This video also compares two pop cultural expressions that were roughly contemporaneous. One was glamorous, quite urban, and entering the pop charts. While across the Iron Curtain in Romania, you had these strange bearded hordes of ‘alternative’ men. I am using the word ‘alternative’ under scare quotes because they were really odd in retrospect, not really workers, peasants, or intellectuals, nor counterculture members in the sense of artists boho chic from the West (think NY Greenwich Village). They enjoyed a kind of uneducated and anti-intellectual and cultivated look of ‘wildness’ (they all pretended they were uneducated even if they had a good cinema culture and were bibliophiles). They also preferred an image of the unsophisticated noble “barbarian”. They were some sort of Stone Age Socialist neo-barbarians using self-made tools (I remember those incredible wooden hammers), close to natural materials (stone, wood) in wild countryside surroundings (not really the wilderness of the Wild West) but some sort of Arcadia impossible utopia setting of the Renaissance or classical times. They now seem somehow neo-pagan in their pastoral landscape and interest in non-European art always ranked high (they also had the Meridiane publishing house who translated a lot of the most important art historical materials such as Panfosky, Arnheim, most of the French Annales longue duree school books). Every artist’s home had a library with those books. Religion was not really present apart from the usual orthodox icon-making business, and religion was frowned upon, but there was always some sort of mystical attitude. Some groups fused the abstract with the religious (Horia Bernea) or dabbled in Neo-Byzantinism (see Sorin Dumitrescu and Anastasia Publishing House).

PEASANT ARCHETYPES

And now for these memorial houses, countryside retreats, and artistic summer camps. They were indeed incredible places because they fostered a sort of mixed ideal existence in the middle of the forests sometimes with all the local kids and the rural community having active contact with the artists. Lazarea depicted here is a very interesting case since it is actually situated in the Hungarian enclave in Romania. The “rural” always had a difficult status in countries that were predominantly agrarian but were prioritizing industrialization, high modernism, and proletarian culture. The peasant was more a revolutionary subject in the Global South (see Vietnam, India, or especially Maoist China) than in the former Soviet Union or the East Bloc. It is important to understand that this idealized image of the farmer or Taranul Roman “Romanian peasant” was easily used by racist proto-fascist constructions of genetic and ethnic purity btw the wars. Eugenics and miscegenation discourse were so popular in Romania’s 1920s that pseudo-scientific anti-semitic marriage counseling books written by countryside doctors in Romania warned against peasants mixing with despised ‘others’ (who at that time meant mostly the Jewish or Rroma population associated with slavery or the corrupt city). There were echoes of inter-war Eugenics in the later pronatalist policies of Ceausescu-era Romania.

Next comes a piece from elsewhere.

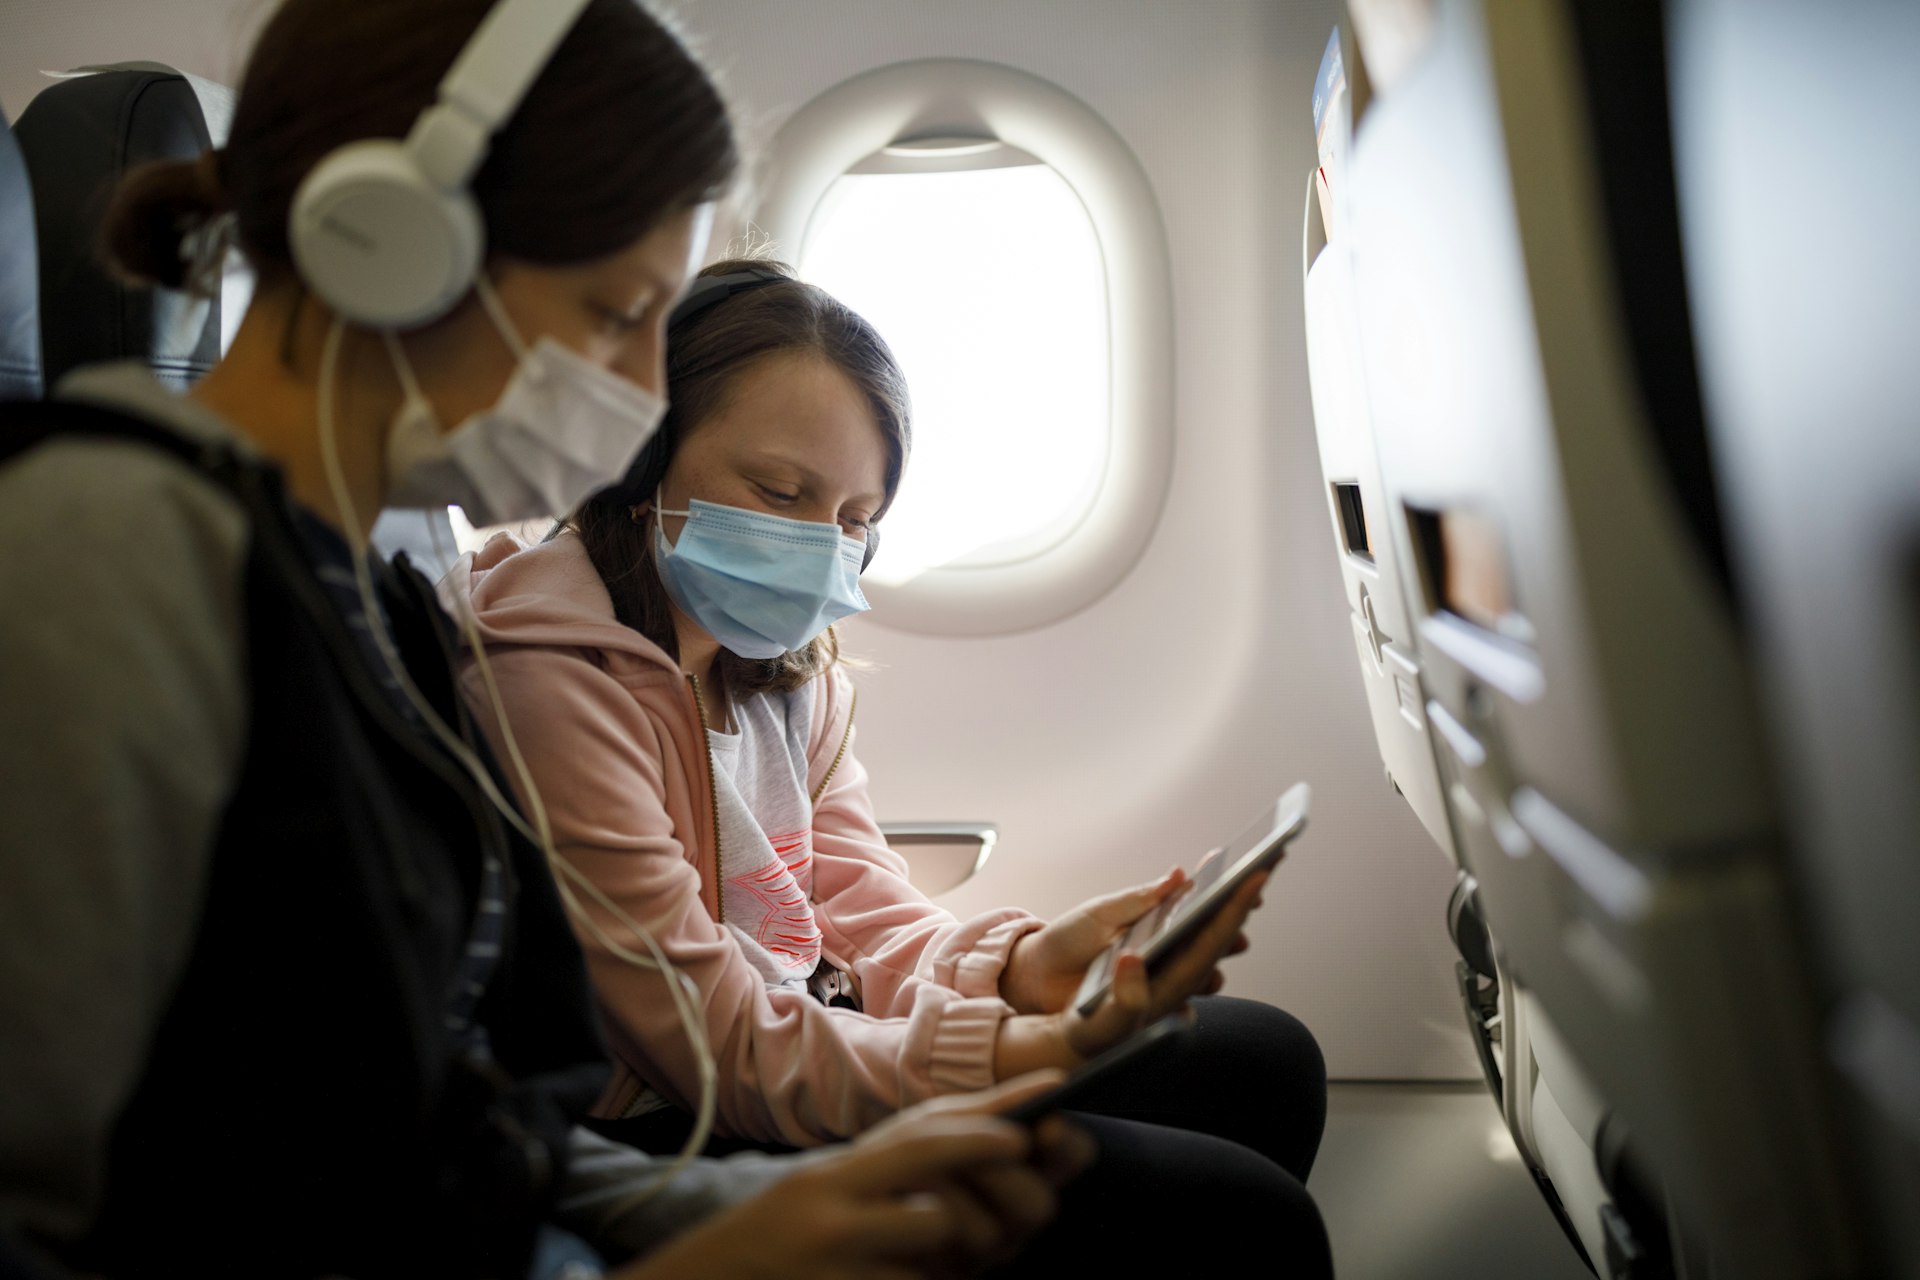 A mother and child wear face masks on an airplane

PRODUCTIVIST RATHER THAN CONSTRUCTIVIST

The socialist state project was also interesting not as much as a constructivist but a productivist social project that would eventually usher in new anti-capitalist relationships, transformative for both society, sexuality, and humanity as a whole (as Bogdan Popa explores in his recent book De-centering Queer Theory: Communist sexuality in the flow during and after the Cold War). It is not a mystery any longer that across the Iron Curtain in the former West “Cultural Cold War” was raging, and the CIA was also sponsoring and actively supporting modern art against Socialism Realism. After the Cold War had ended, we have to reckon with the fact that only abstract and avant-garde was ‘recovered’ and integrated by the art market forces. It was much more convenient for financial speculation to sift the art collections in search of forgotten members of the avant-garde than it was to appreciate the value of Realism Socialism. The work of artists that straddled the divide btw avant-garde and Socialism Realism is a particularly interesting case study, as demonstrated by the project of Miklos Szilard Mattis Teutsch: Avantgarde and Constructive Realism(exhibited in both Budapest and Bucharest). e

2367 – How much influence do the (German) super-rich have (2023 documentary)

What’s with Europe’s ultra-wealthy high-spending fossil fossil-burning elite, beyond the Arab sheikhs and crazy nouveau-rich Asians?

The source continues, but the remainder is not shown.